▶ _Exercise objective_
An exact copy of the data is needed, one that excludes all pictures.

[Data provided Boundary: Start]

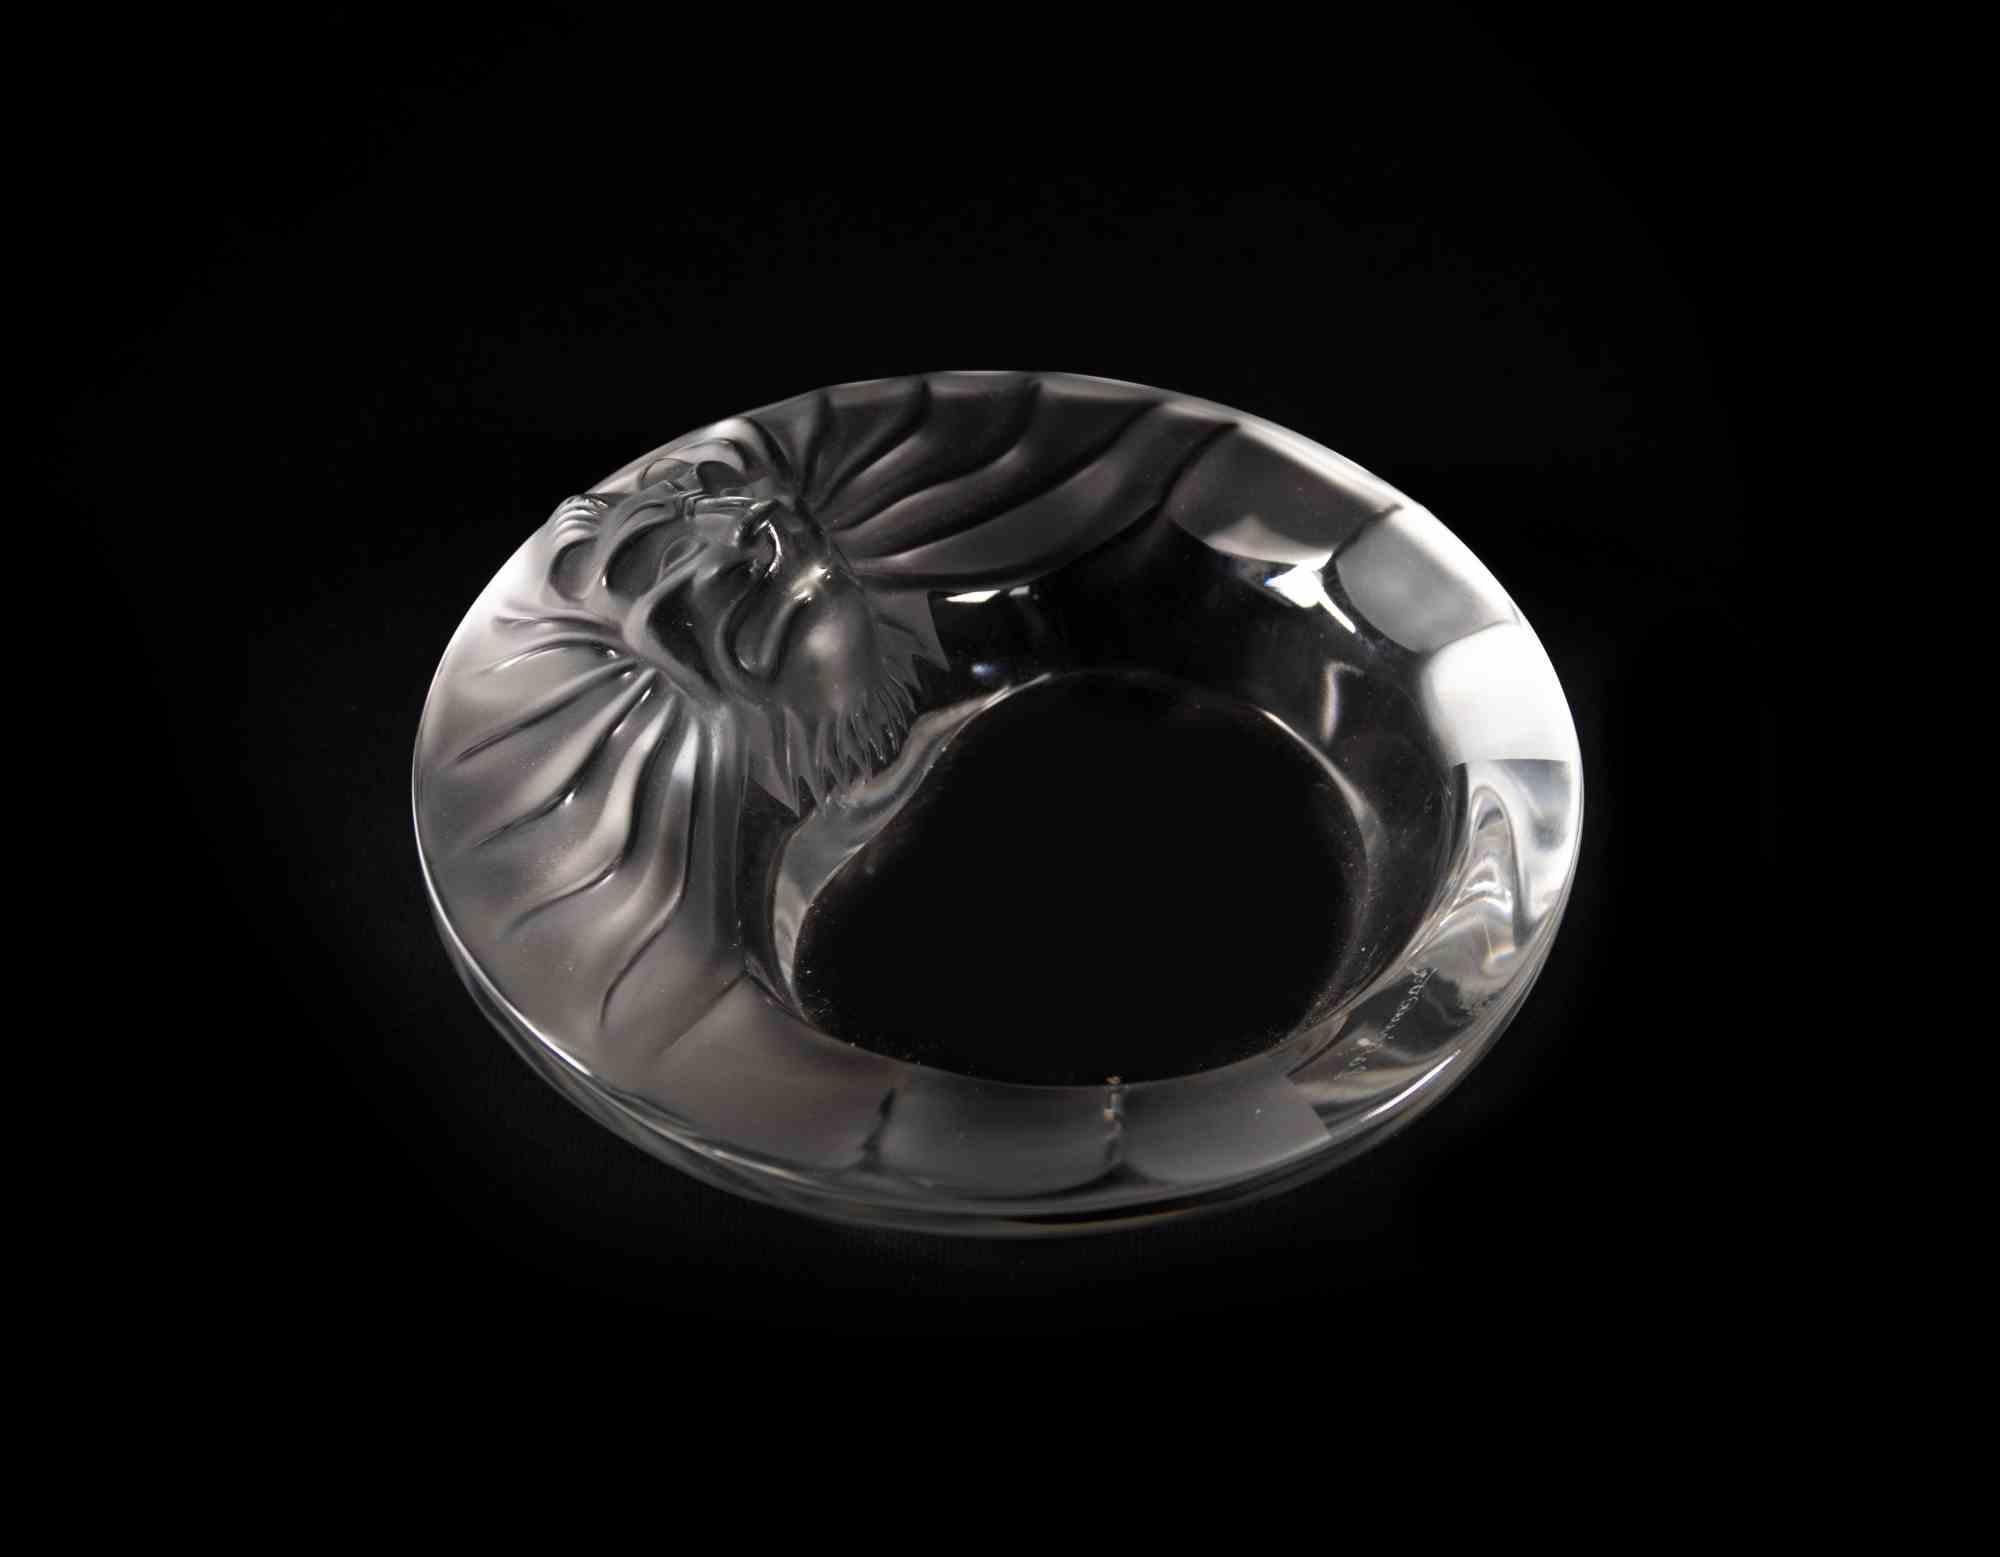 Lalique Head of lion ashtray is an original artwork realized by the famous French manifacture Lalique in the Mid-20th Century.

This super bowl / ashtray is entirely realized in crystal. 

Made in France, Tete de Lion series, side. signed with

[Data provided Boundary: End]

▶ _The completed task_
 Lalique Head of lion ashtray is an original artwork realized by the famous French manifacture Lalique in the Mid-20th Century.

This super bowl / ashtray is entirely realized in crystal. 

Made in France, Tete de Lion series, side. signed with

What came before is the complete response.